Ormai è diventato un tormentone nazionale: il Fas che fa da bancomat per ogni esigenza di finanza pubblica, il Fas che manda sotto il governo alla Camera per l’ennesima volta, il Fas che divide il paese fra nord e sud ma dovrebbe pure fare da fondo di perequazione infrastrutturale per il federalismo, il vecchio Fas da riciclare e mettere a nuovo per finanziarci una bella fetta dell’ennesimo piano per il Mezzogiorno da 40 miliardi. Questo fondo per le aree sottoutilizzate continua a dividere, senza per altro riuscire a produrre effetti concreti sull’economia. Le percentuali di utilizzo effettivo dei fondi restano minime, se è vero che a dieci anni dal lancio del programma 2000-2006, più del 30% dell’importo totale di 19 miliardi assegnato alle regioni è totalmente bloccato su opere che stanno a un livello di realizzazione oscillante fra zero e 10 per cento. A oggi di quel piano è stato speso meno del 40 per cento. Quanto al programma 2007-2013 era e resta fermo all’istruttoria tecnica, non è mai andato al Cipe, se si fa eccezione per i 4,3 miliardi della Sicilia, che per altro non hanno cassa. Non va molto meglio ai fondi comunitari, spesi al momento per meno del 9 per cento.
Da cinque mesi il ministro per gli Affari regionali, Raffaele Fitto, prova a mettere insieme un piano per il Sud centrato soprattutto sul riutilizzo delle vecchie risorse bloccate. Non un euro nuovo da parte del Tesoro, ma una cassa con il contagocce sui nuovi piani Fas 2007-2013 e il recupero delle risorse non spese in passato. Soprattutto quelle dei fondi Ue, legati ai «progetti sponda», sono appetibili perché risorse vere, di cassa: Fitto stima che possano tornare così almeno 5.336 milioni. Altri 13.119 milioni potrebbero tornare dalla programmazione Fas 2000-2006 ma queste sono risorse di competenza che non hanno una cassa propria.

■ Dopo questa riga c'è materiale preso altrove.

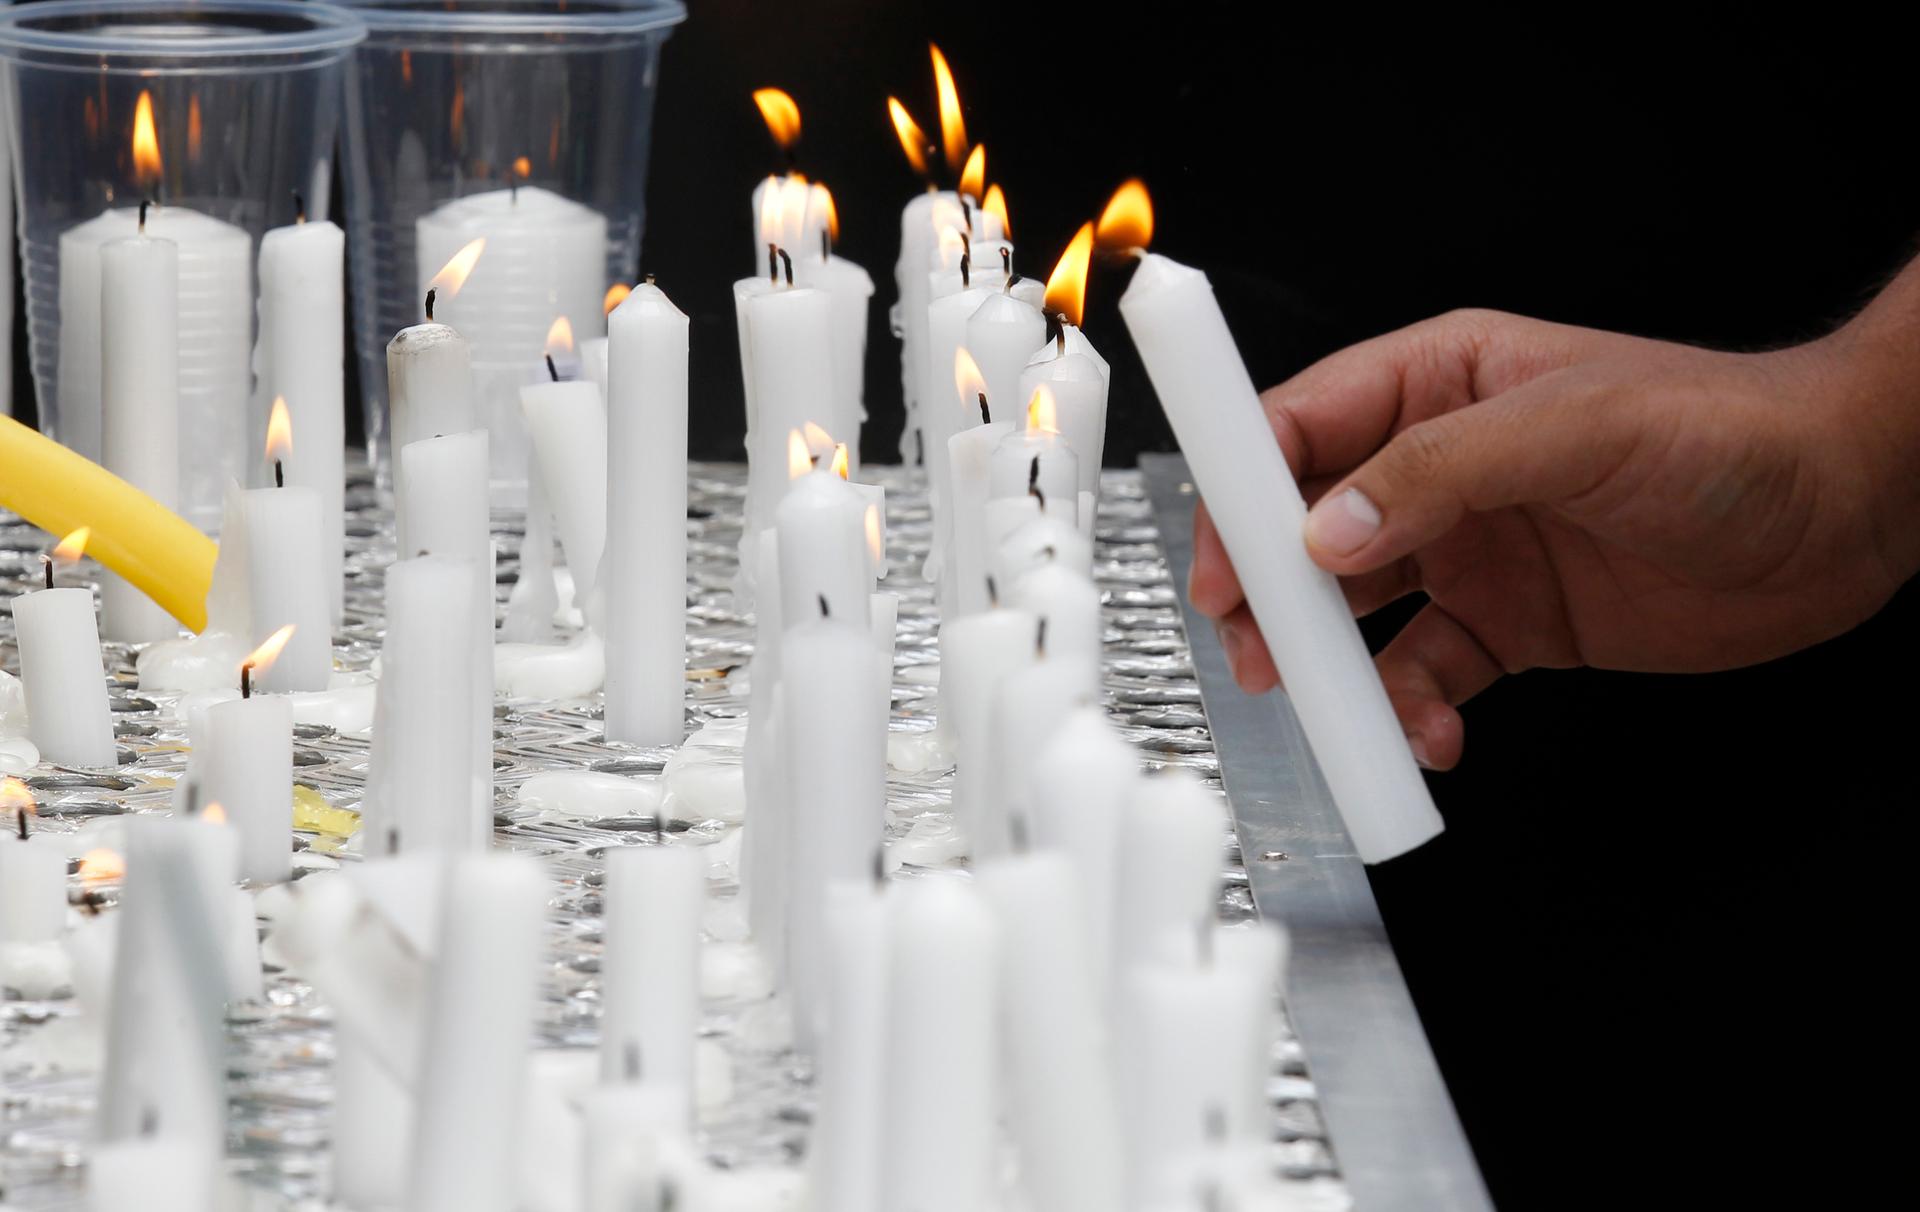 A relative of a victim lights a candle during the first anniversary memorial service of the Westgate shopping mall terrorist attack in Kenya's capital Nairobi on September 21, 2014.

L’operazione di riprogrammazione è in linea con la posizione del governo sulle infrastrutture: più risorse private e vecchie risorse incagliate, ma non c’è carburante nuovo. Il punto è che anche l’operazione di riprogrammazione, che si sarebbe dovuta fare rapidamente e che era sulla carta uno delle cinque priorità del governo, ha notevolmente rallentato, come tutta l’azione dell’esecutivo: la partita irrisolta della giustizia blocca le altre priorità e l’esame del consiglio dei ministri si allontana. Nella partita del Fas conta poi la posizione dei governatori che dovrebbero condividere il piano sud, se non all’unanimità, almeno a maggioranza. Ma il confronto informale già avviato da Fitto non si traduce in un confronto sostanziale: pesano le tensioni sul fronte del federalismo e quelle ancora non superate dei tagli della manovra estiva.